Researchers at a leading U.S. institute have successfully targeted a specific gene in mice brains. By deactivating it, they reduced the animals' food intake and increased their drive to exercise. This breakthrough paves the way for potential new obesity treatments in humans.
A team from the Eunice Kennedy Shriver National Institute of Child Health and Human Development (NICHD) aimed to alter eating and activity behaviors in mice. Their study, published in JCI Insight on November 3, 2020, details how they deactivated a gene in the mice's brains. This led to diminished food attraction paired with heightened exercise motivation. The researchers now explore adapting this approach for human therapies.
Obesity poses a major public health challenge, influenced by genetics, environment, and lifestyle. It raises risks for cardiovascular diseases like heart attacks and strokes, type 2 diabetes, musculoskeletal issues such as osteoarthritis, and cancers including breast and colon. These findings highlight genetics' role in developing innovative treatments.

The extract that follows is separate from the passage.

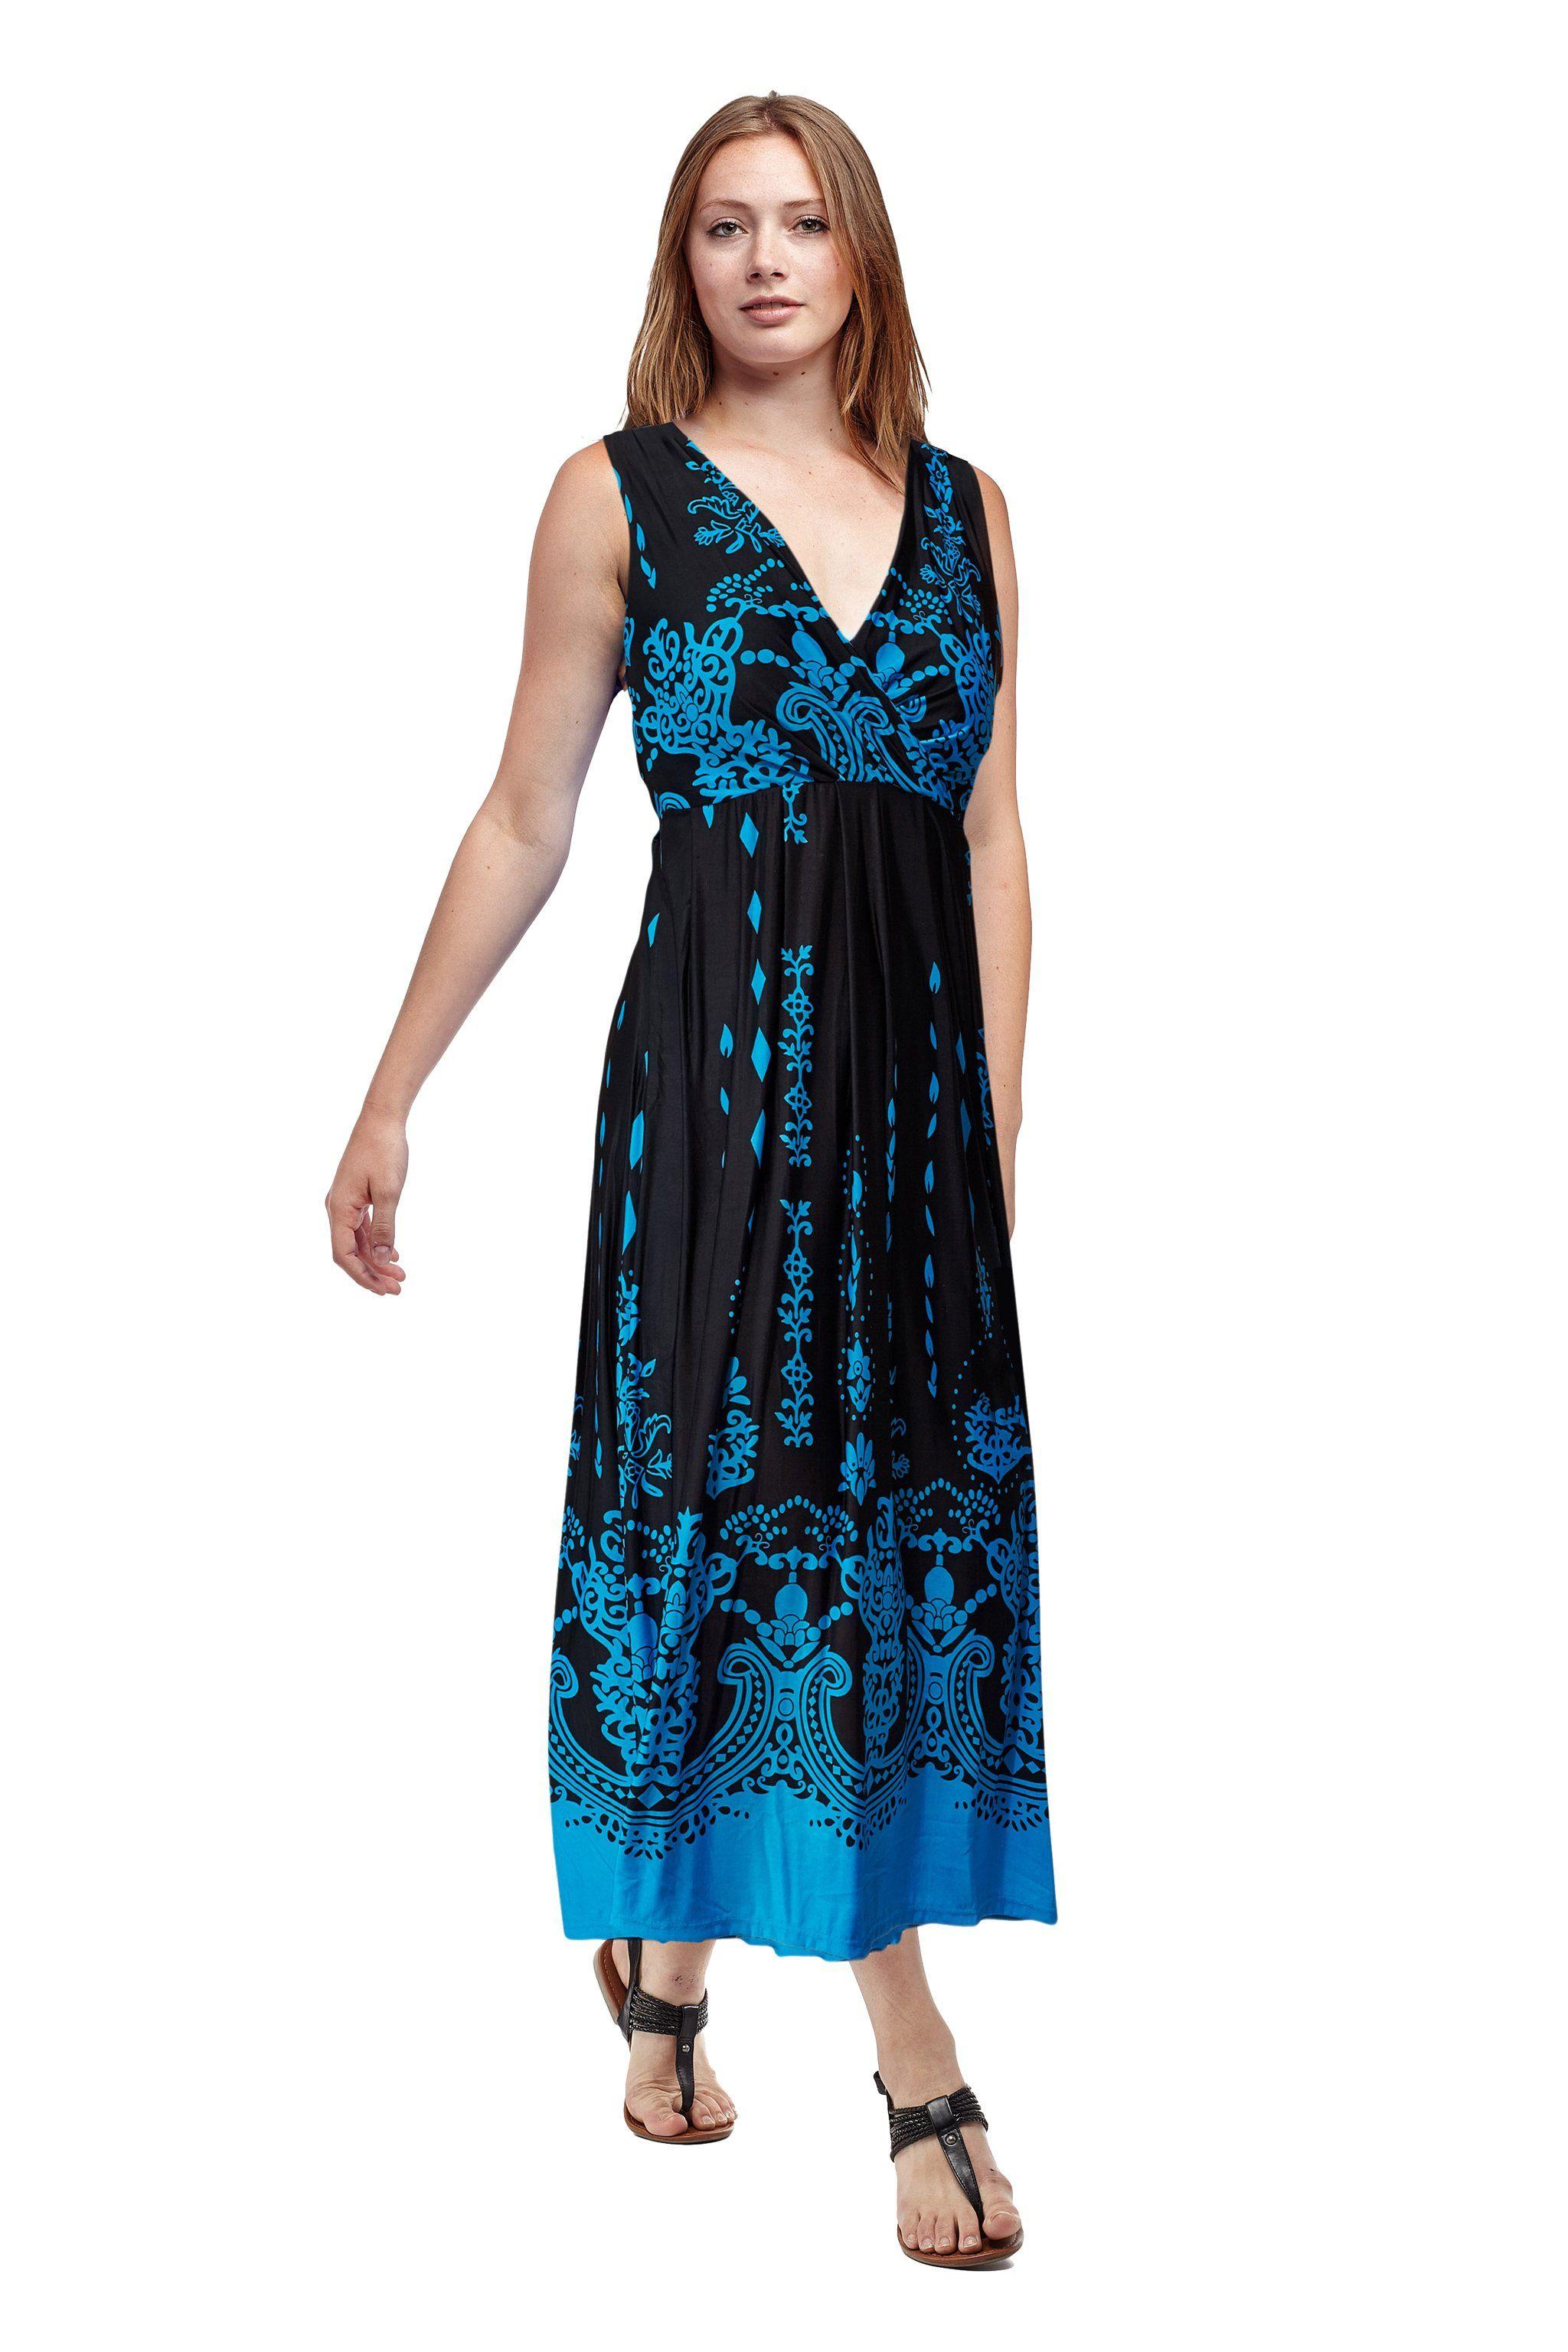 Photo of La Cera Paisley Border Print Sleeveless Printed Maxi Dress – S – 6-8 / Black/Turquoise

The habenula resides in the epithalamus, the dorsal part of the diencephalon, alongside the pineal gland and stria medullaris. Though not fully understood, the habenular neural circuit draws growing interest for its links to addiction, motivation, depression, and reward processing. It's modulated by the Prkar2a gene.
A 2012 French study showed that disrupting the habenular circuit prevented obesity in mice fed a high-fat diet. Similarly, the NICHD research reduced appeal for rewarding foods while promoting physical activity.
Could this combat human obesity? It's promising, but therapies must undergo extensive long-term animal testing to ensure safety and minimize side effects before human trials.